▶ The task:
Print the listing as it stands, omitting all images.

▶ Data provided:
# # #
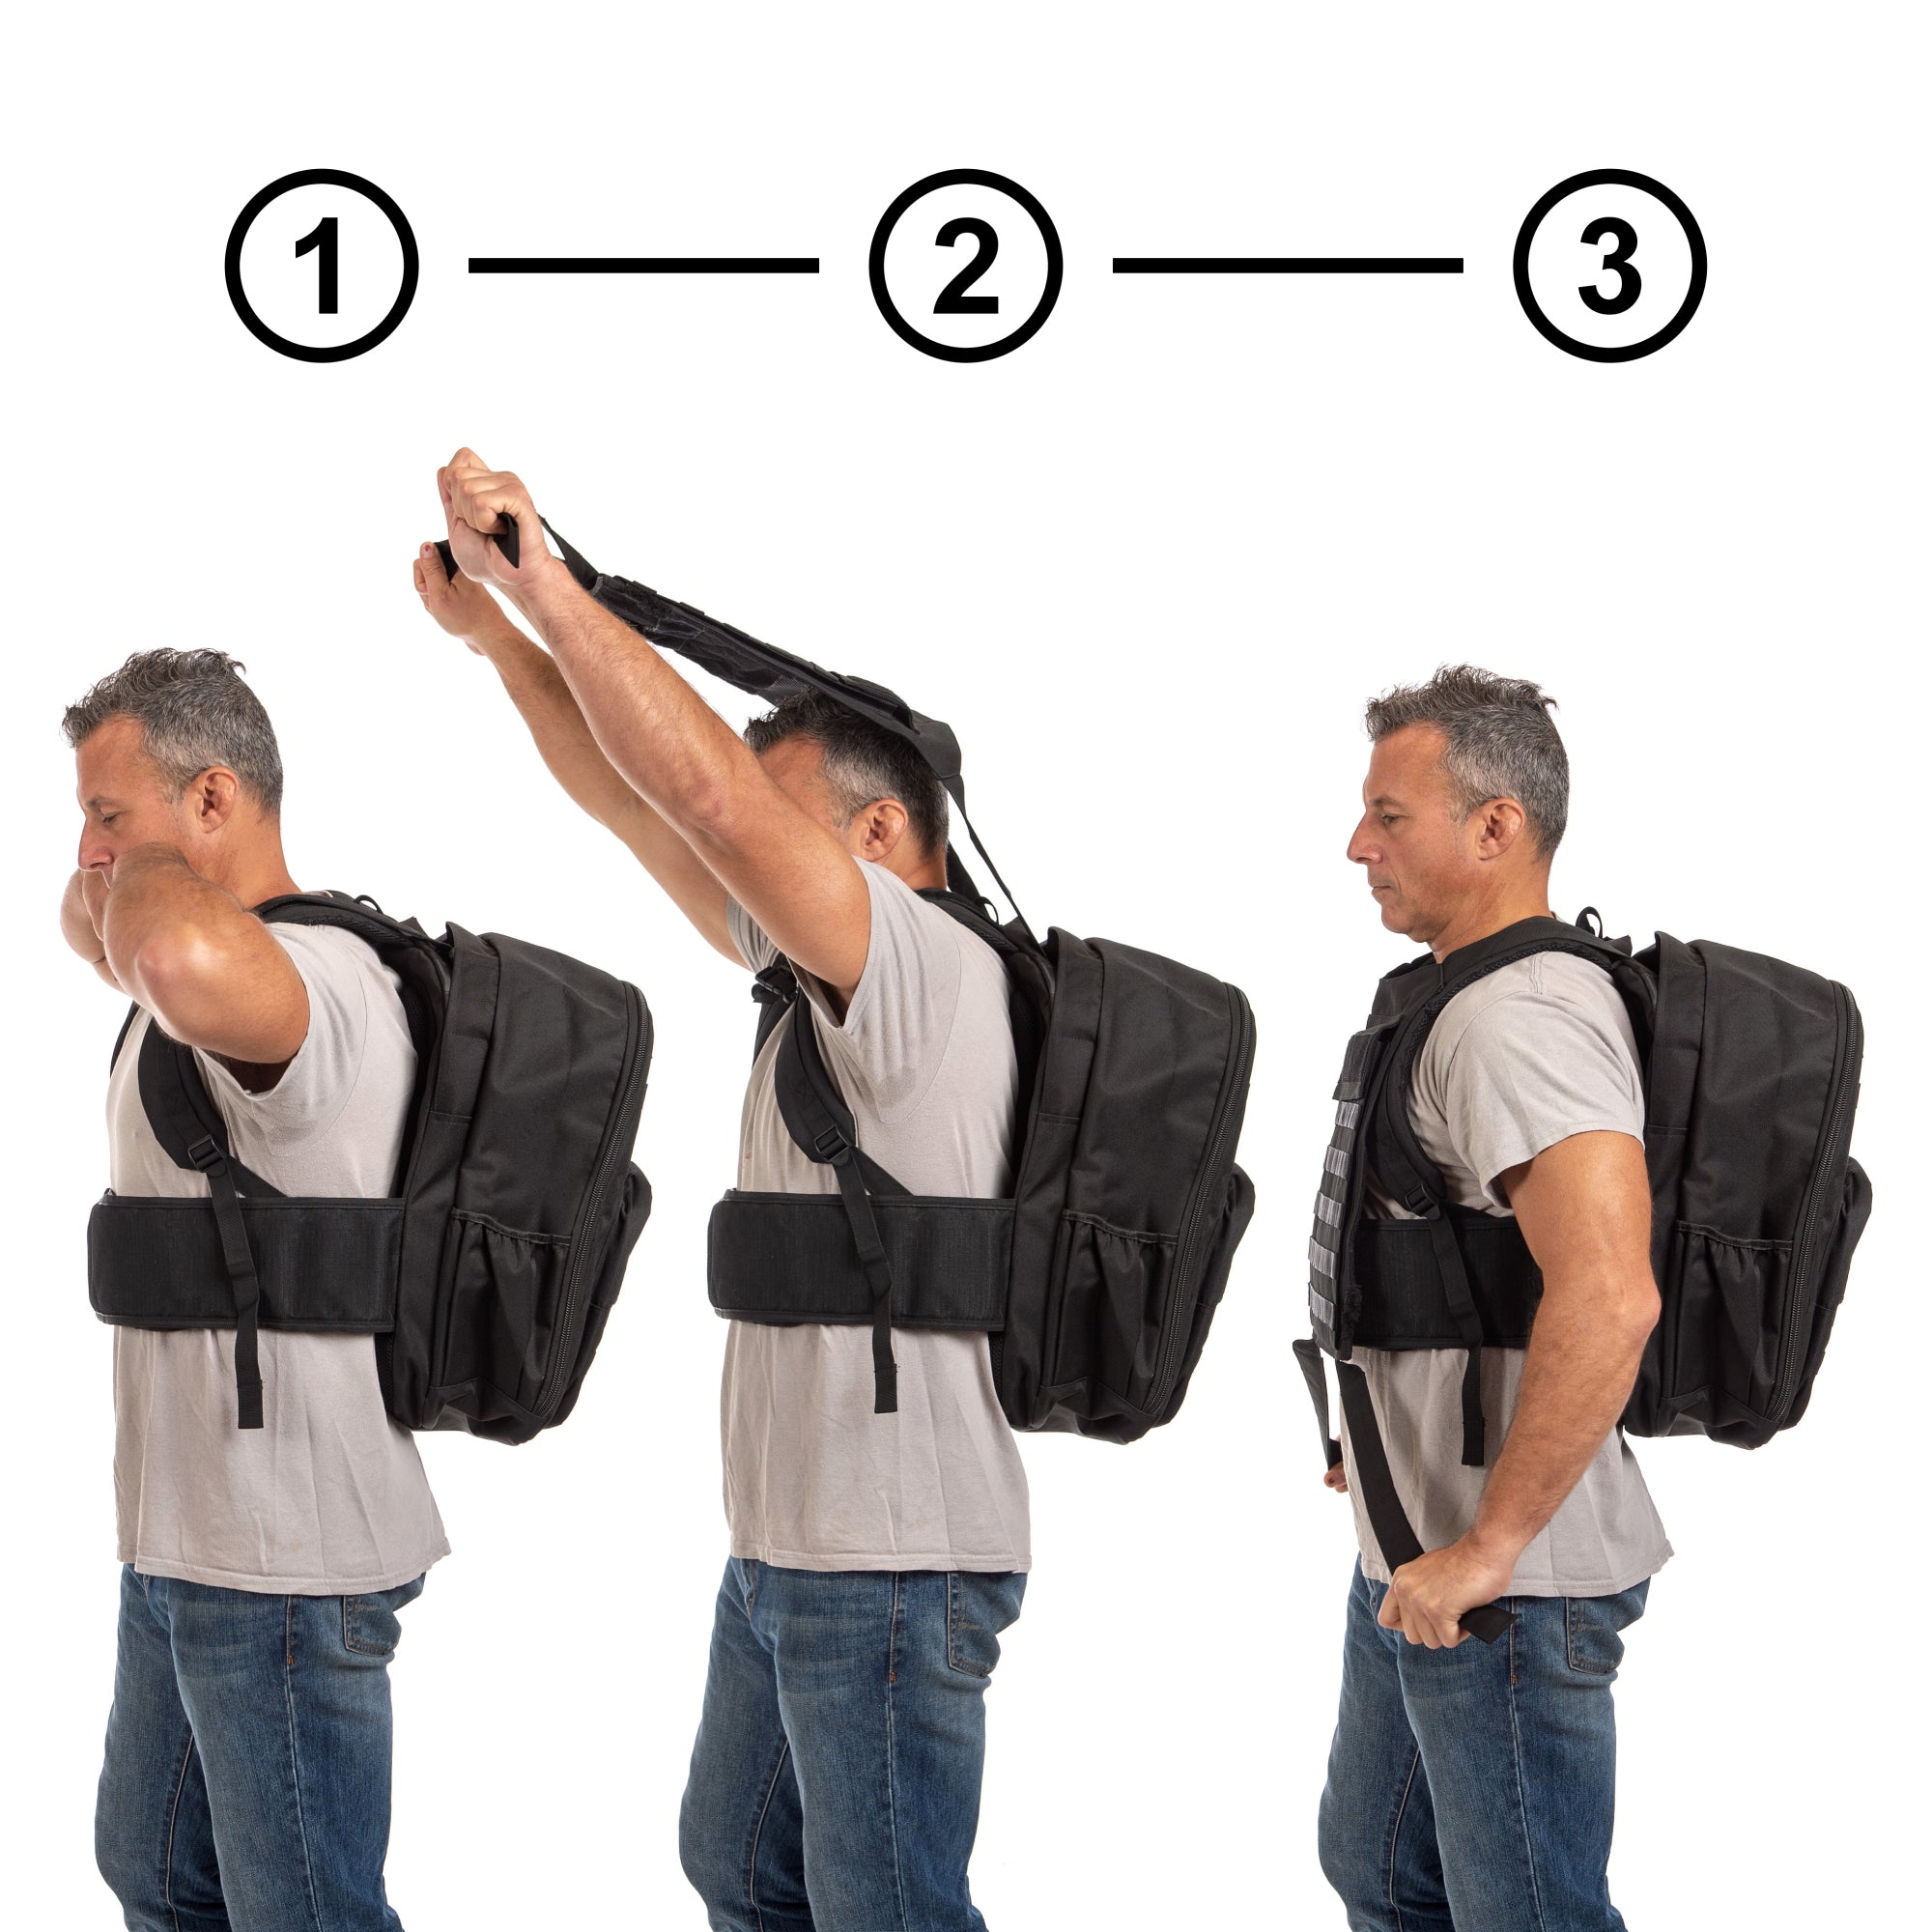 Shop Bulletproof Backpacks - Bodyguard Armored Backpacks and Jackets
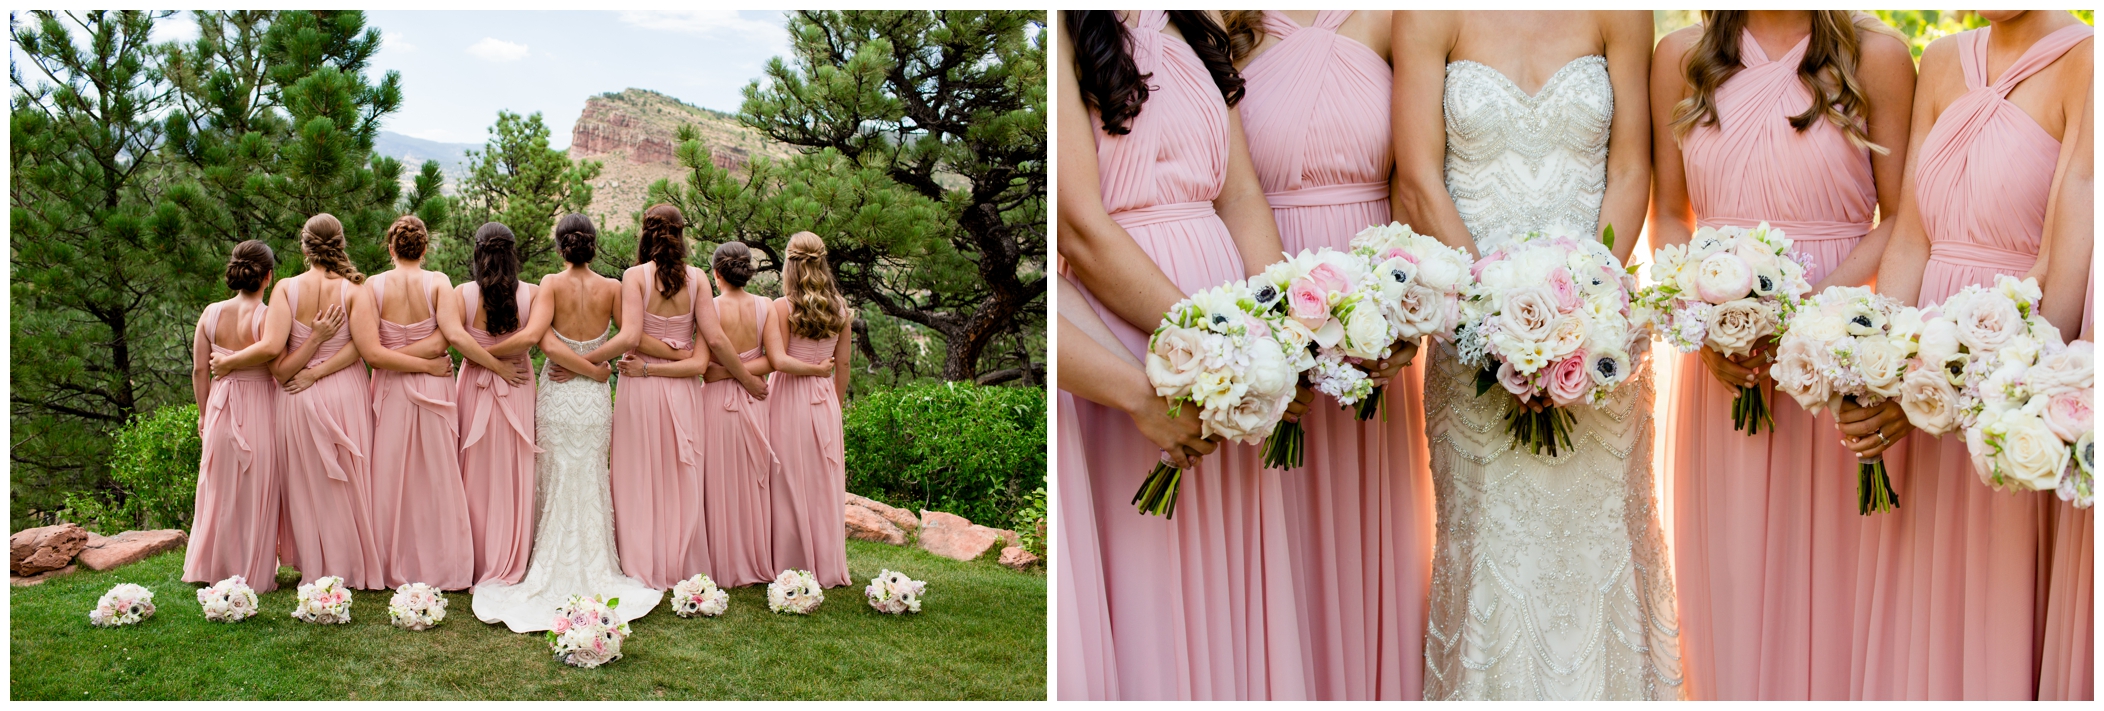 Lionscrest Manor pink wedding inspiration 
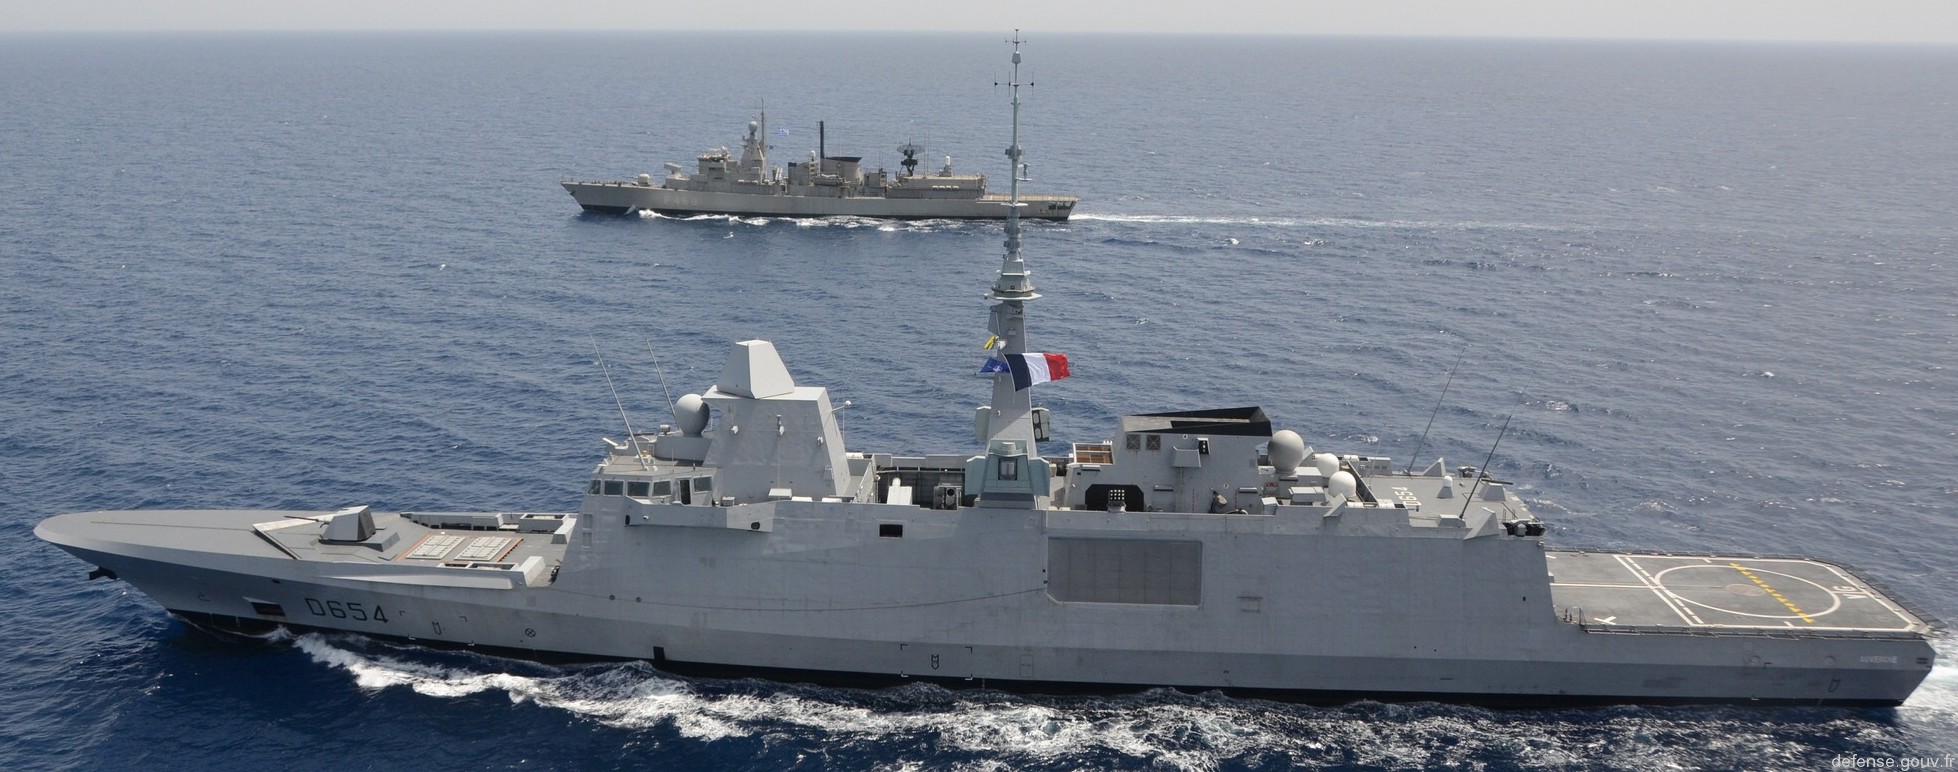 d-654 fs auvergne fremm aquitaine class frigate fregate multi purpose french navy marine nationale 20
# # #
▶ Written response:
 Shop Bulletproof Backpacks - Bodyguard Armored Backpacks and Jackets
 Lionscrest Manor pink wedding inspiration 
 d-654 fs auvergne fremm aquitaine class frigate fregate multi purpose french navy marine nationale 20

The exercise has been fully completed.